Американец - Генри Джеймс
Шрифт:
Интервал:
Закладка:
— Никуда! В Средние века нашелся Беллегард, который поступил еще краше — взял да и женился на нищенке, как король Кофетуа.[72] Это и впрямь наилучший вариант — все равно, что взять в жены птичку или мартышку, — ведь тут вообще не нужно думать о происхождении супруги. А вот женщины в нашем роду всегда вели себя достойно. Никто из них не опустился даже до petite noblesse.[73] По-моему, среди женщин нашей семьи не было ни одного случая мезальянса.
Минуту-другую Ньюмен молчал, обдумывая услышанное.
— Когда вы в первый раз пришли ко мне, — начал он наконец, — вы обещали помочь мне во всем, в чем сможете. А я ответил: настанет время, и я скажу вам, что вы можете для меня сделать. Помните?
— Помню ли? Да я отсчитываю часы!
— Прекрасно, так вот — час настал. Постарайтесь, насколько это в ваших силах, чтобы я понравился вашей сестре.
Беллегард с улыбкой посмотрел на него.
— Да я уверен, что вы ей и так нравитесь.
— Вы имеете в виду впечатление, сложившееся у нее после того, как она видела меня раза три-четыре? Этого мне мало. Я хочу большего. Я много об этом думал и наконец решился вам сказать. Дело в том, что я мечтаю жениться на мадам де Сентре.

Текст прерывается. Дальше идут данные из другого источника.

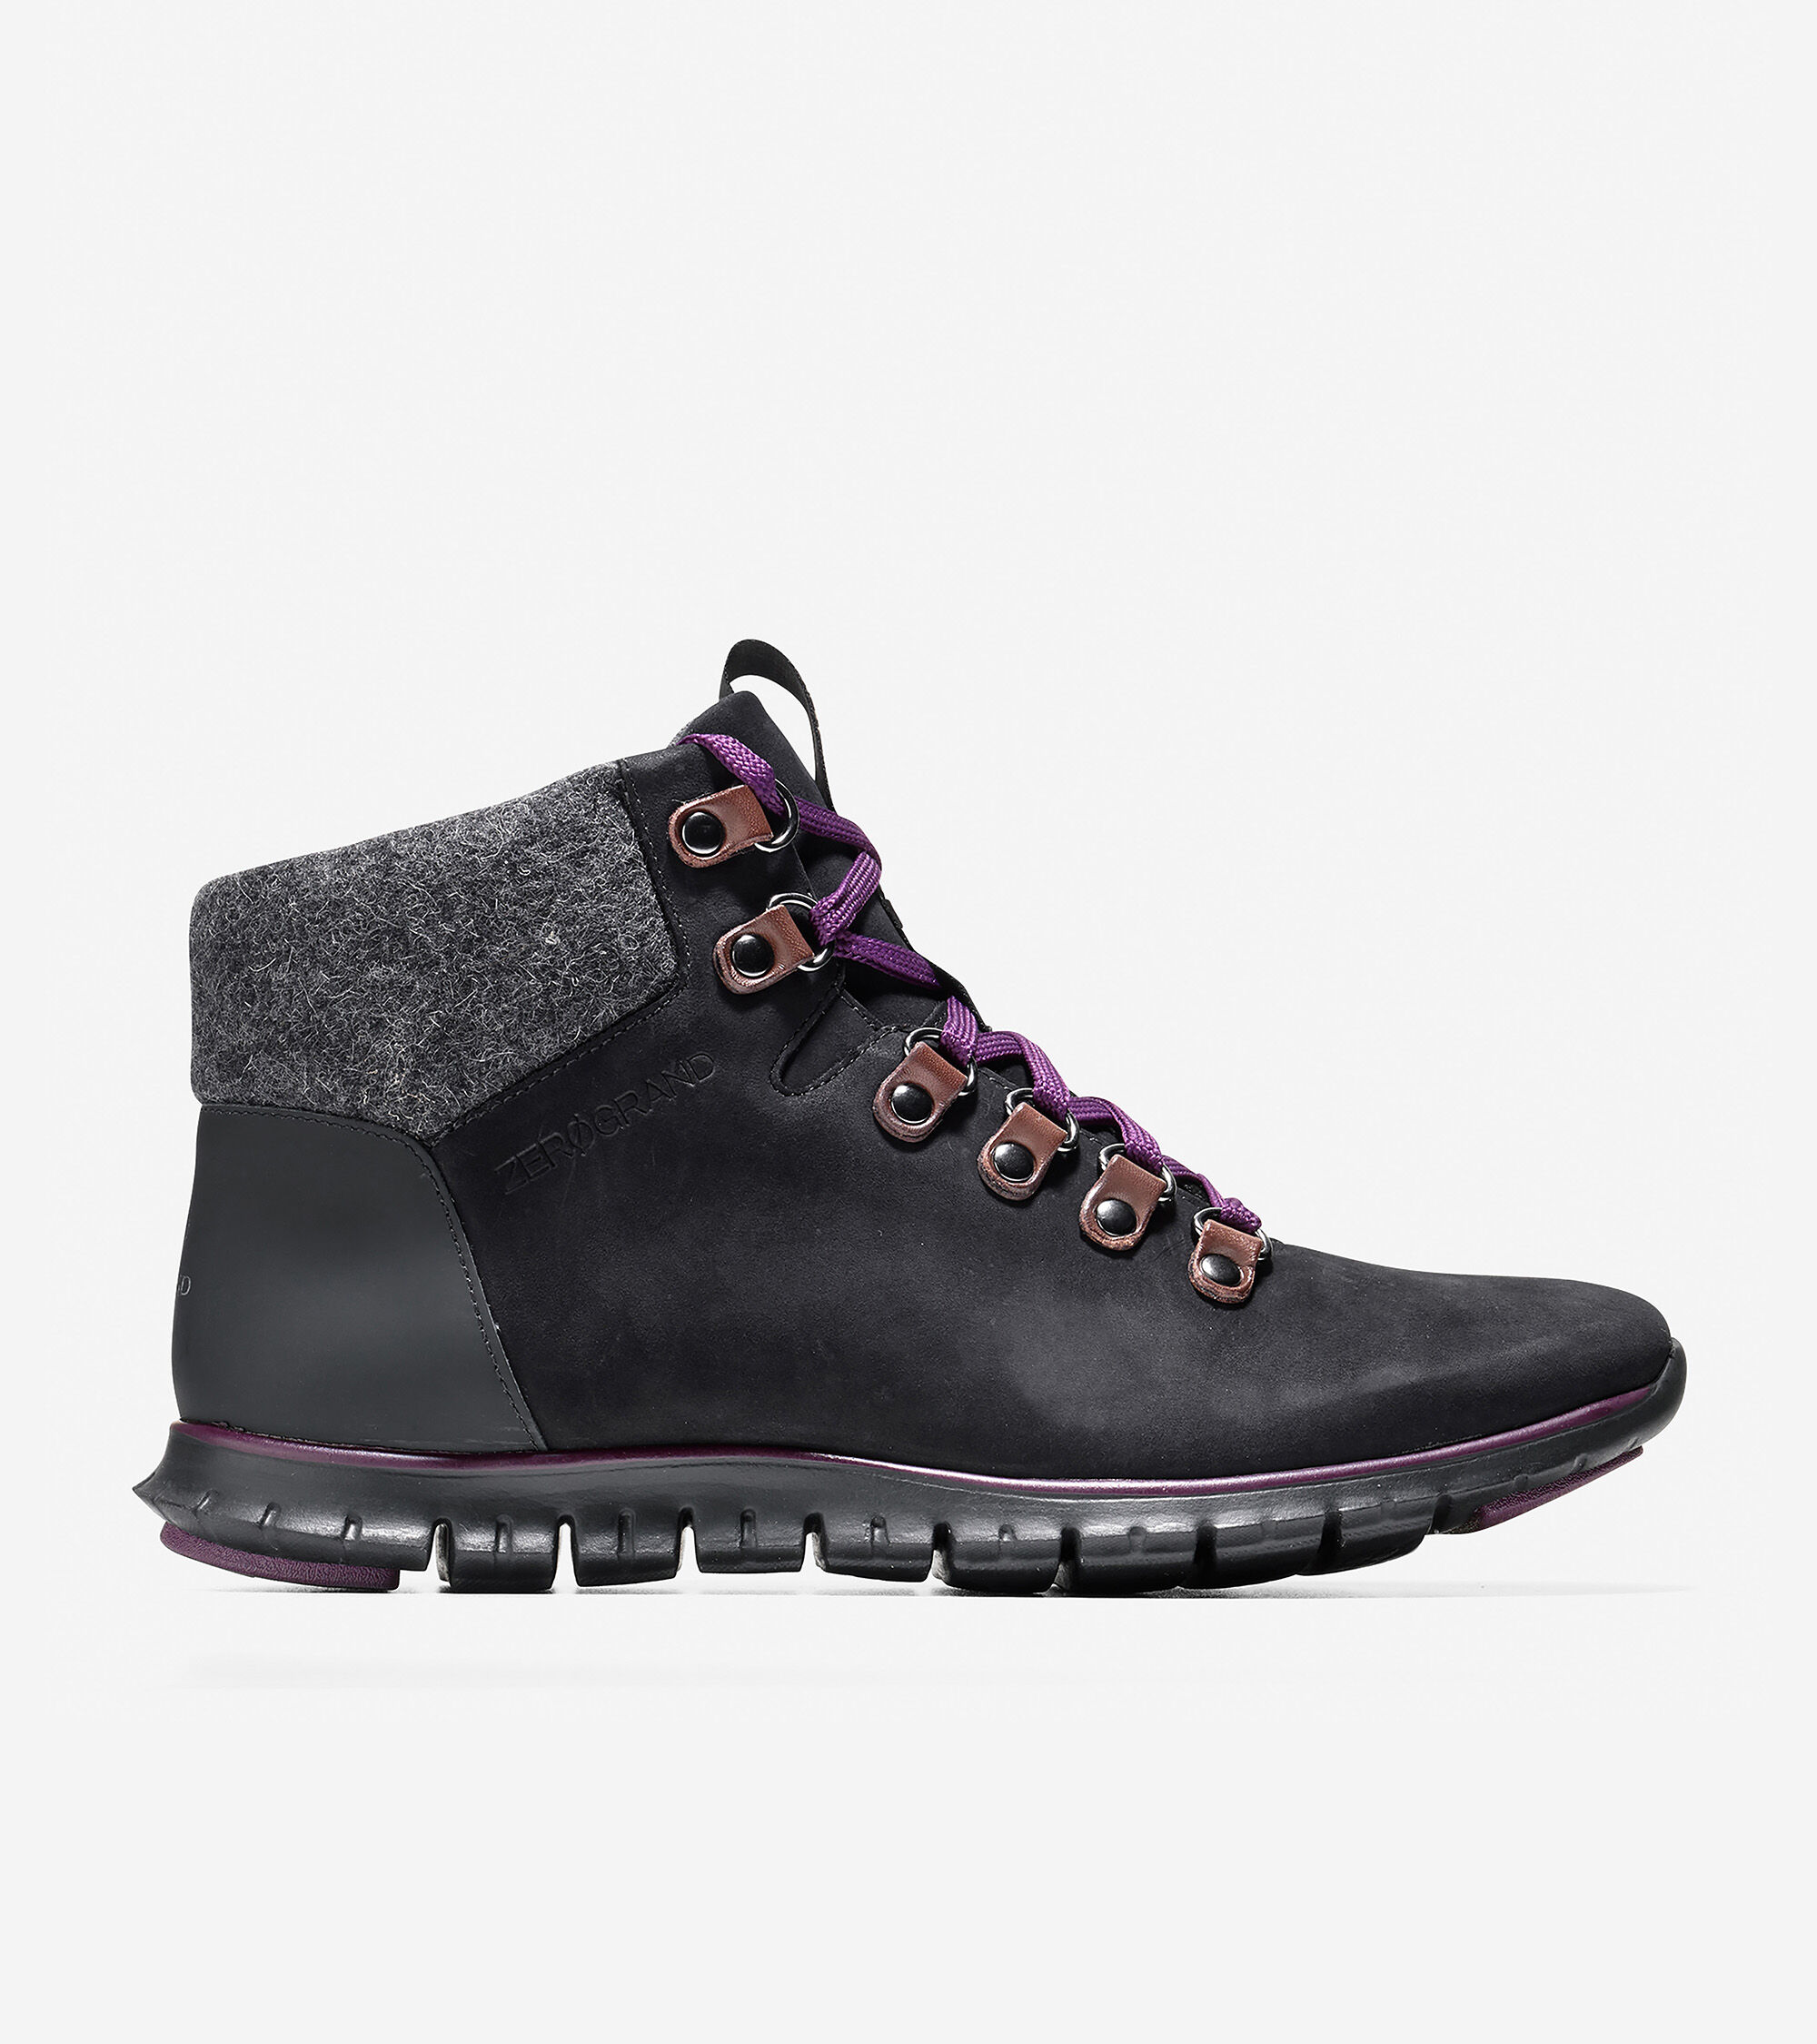 Hiker Boot in Black-Elderberry

До этой минуты Беллегард смотрел на Ньюмена выжидательно и нетерпеливо, встретив улыбкой напоминание о предполагаемой услуге. Выслушав последние слова Ньюмена, он не отвел глаза от собеседника, но с улыбкой его произошли удивительные превращения. Сперва она было сделалась еще шире, но тут же словно спохватилась и, как бы посовещавшись сама с собой, решила ретироваться. Она медленно растаяла, оставив на лице выражение суровости, смягчаемой боязнью показаться грубым. Во взгляде графа Валентина читалось крайнее изумление, однако он сообразил, что лучше его скрыть, иначе, чего доброго, он обидит Ньюмена. Но что, черт возьми, он мог поделать со своим изумлением? В смятении он встал и остановился у камина, продолжая смотреть на Ньюмена, и гораздо дольше, чем ему было свойственно, придумывал, что ответить.

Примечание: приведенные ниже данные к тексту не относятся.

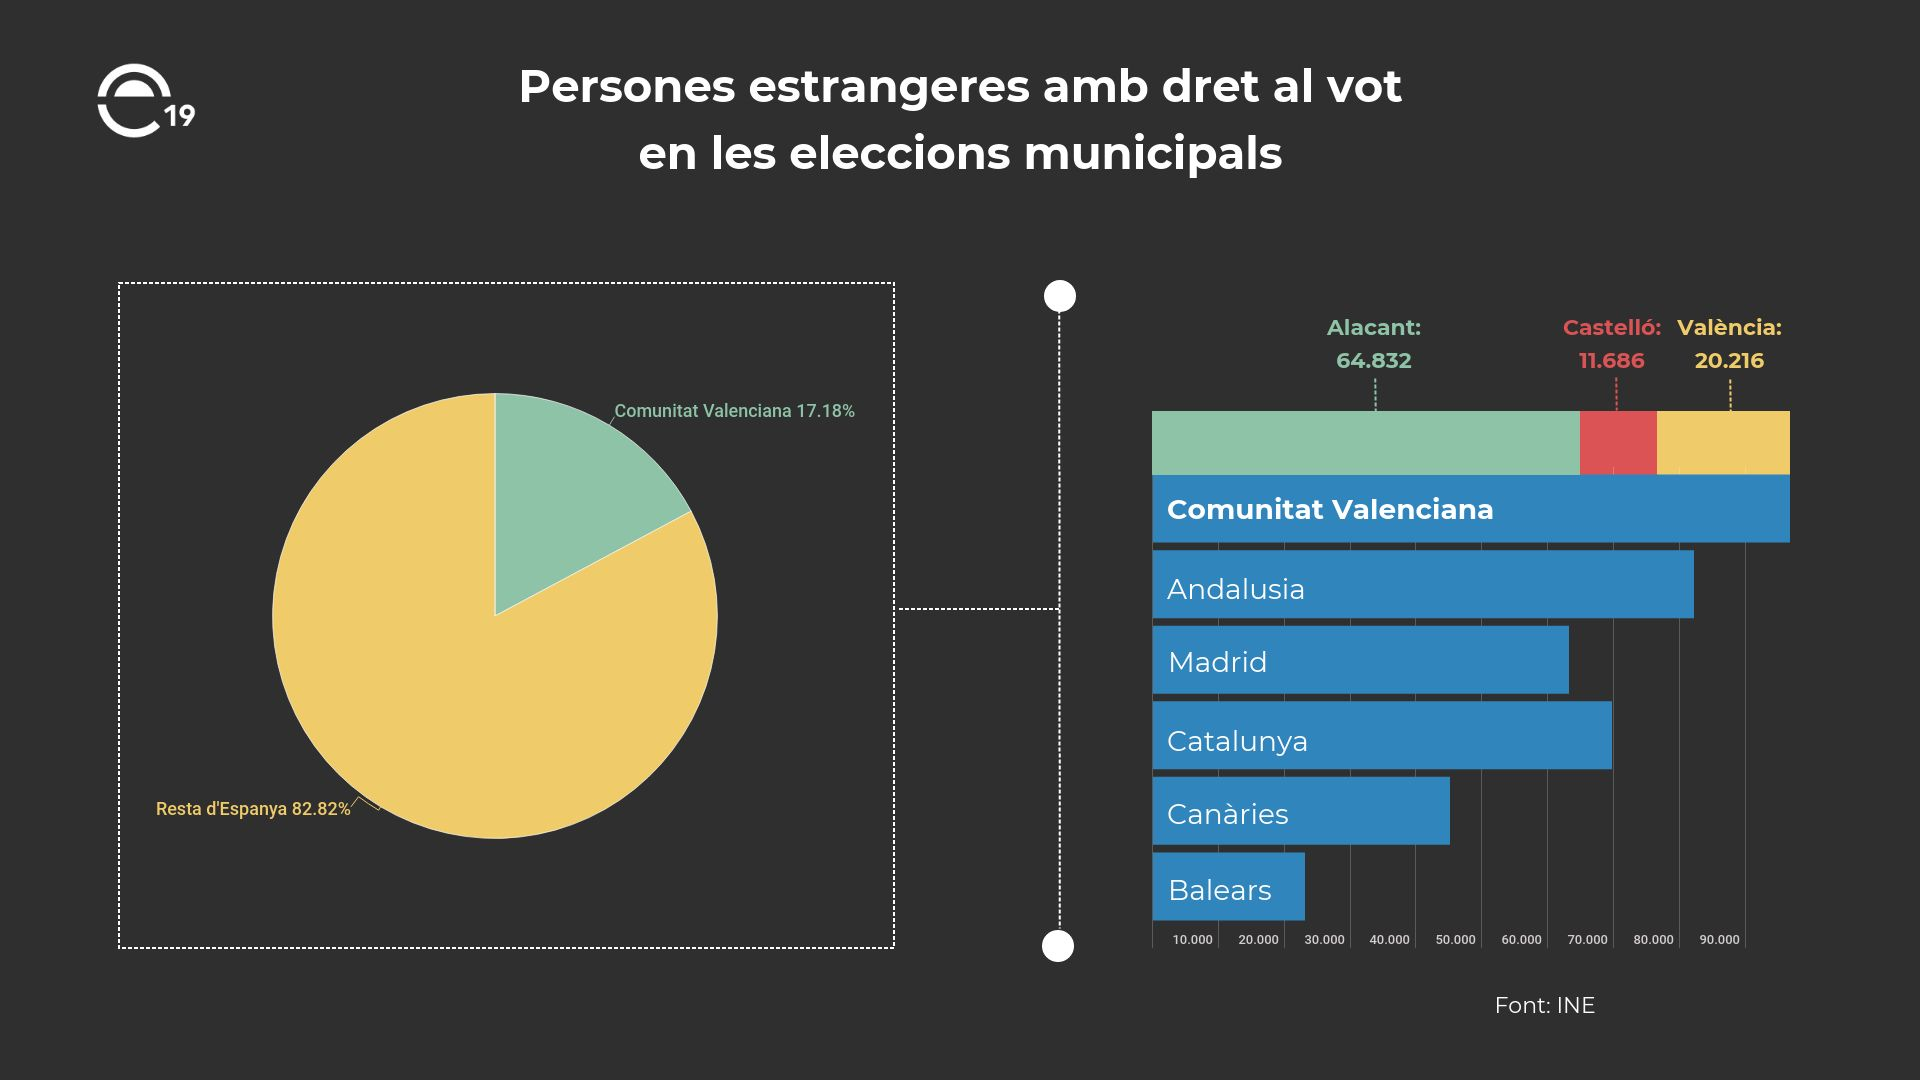 La Comunitat Valenciana lidera el nombre de persones estrangeres amb dret al vot en les eleccions municipals

— Если вы не можете оказать мне услугу, о которой я прошу, — проговорил Ньюмен, — скажите сразу.
— Повторите, пожалуйста, свою просьбу, я должен услышать еще раз. Вопрос, знаете ли, очень важный. Вы хотите, чтобы я замолвил за вас словечко моей сестре, потому что собираетесь… собираетесь на ней жениться. Я правильно понял?
— Ну, не совсем так. Я постараюсь объясниться с ней сам. Но помяните меня добром, когда выдастся удобный момент. Пусть она знает, что вы ко мне расположены.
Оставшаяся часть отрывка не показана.